Some very sincere advice to him: if he wants to ever become the Prime Minister (PM) of this country, he needs to give the soul of the poor Hosh Muhammad Sheedi some rest. For those of you who are a bit deficient in knowledge about this gentleman, he was a Sindhi freedom fighter who fought against the British and coined the slogan, “Marsoon marsoon Sindh na daisoon” (will die before giving Sindh away). Mr Chairman has been chanting this on rosemary beads and with such delivery that it has really lost its essence. Unless he wants to limit himself to being just the leader of a single province, he has all the right to go on nonstop.
Next, a true leader is a uniter. His party claims to be the only party with roots and following in all four provinces, so he needs to be talking about the entire country in a way that other folks outside Sindh can get the right vibes and signals. His jibes at Mr Altaf Hussain and his ethnic party, the Mutthahidda Qaumi Movement (MQM), are in poor taste. As they say: when you are the new kid on the block, you tour the block, make as many friends as possible and create a space for yourself in the neighbourhood. At this point, the country needs a person who is different from the current lot yet one who has the abilities of forging alliances, building consensus and extending hands. To point fingers at Mr Hussain and accuse him of harbouring “unknown people” is amateurish. Constantly associating Mr Imran Khan with being a Taliban sympathiser and ridiculing the current prime minister for not sacrificing much for democracy will not carry him far.

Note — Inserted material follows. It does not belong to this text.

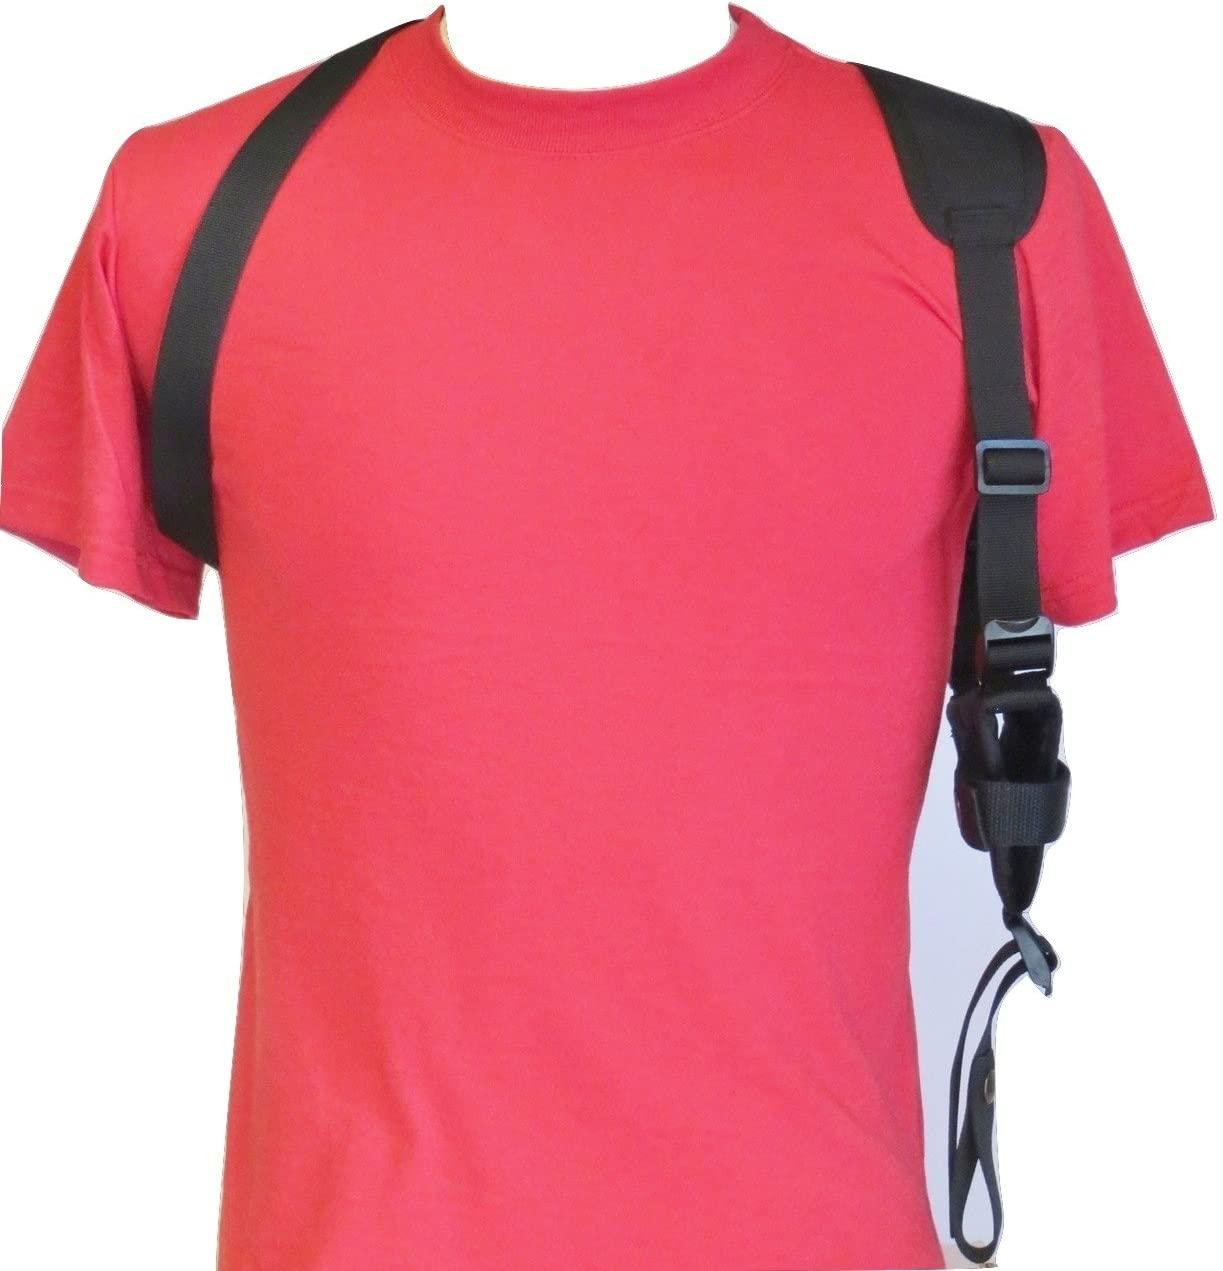 Horizontal Shoulder Holster for 2 1/2

Then came the firing from the other side at the Line of Control (LoC) and the young cub charged at Mr Modi with taunts referencing the Gujarat riots. This is a very poor show of diplomacy from a grandson of the greatest diplomat that this country has produced so far.
Someone ought to tell the budding chairman that the days of victimhood honeymoon are over. No disrespect to his martyred mother and grandfather but they are now a part of history. The generation that he represents never saw Zulfikar Ali Bhutto and, for that matter, did not see his mother for long either. So, to them, when he parrots their sacrifices for this feeble, crippled and extremely fragile democracy, it does not mean much. It does not carry much weight either. To them he comes across like a wailing, grief stricken prince.
We are in the electronic age where the electorate is perhaps as aware as the leader standing in front of them. The people want tangibles, the hows, the road maps, the believable vision to rid them of their miseries. They do not want the same old story that the PPP has been repeating ever since Benazir was martyred.
It is about time that the PPP come to grips with the reality that it has been reduced to being an ethnic party with limited strength in a single province. Unless it reinvigorates itself, rebrands itself, re-energises itself with ideas and solutions that resonate with the entire country, it may lose its significance to even its own die hard followers. I Hope Mr Chairman turns a new leaf in his approach and come October 18, we see a different Bilawal with a different vision and, yes, an entirely different pitch.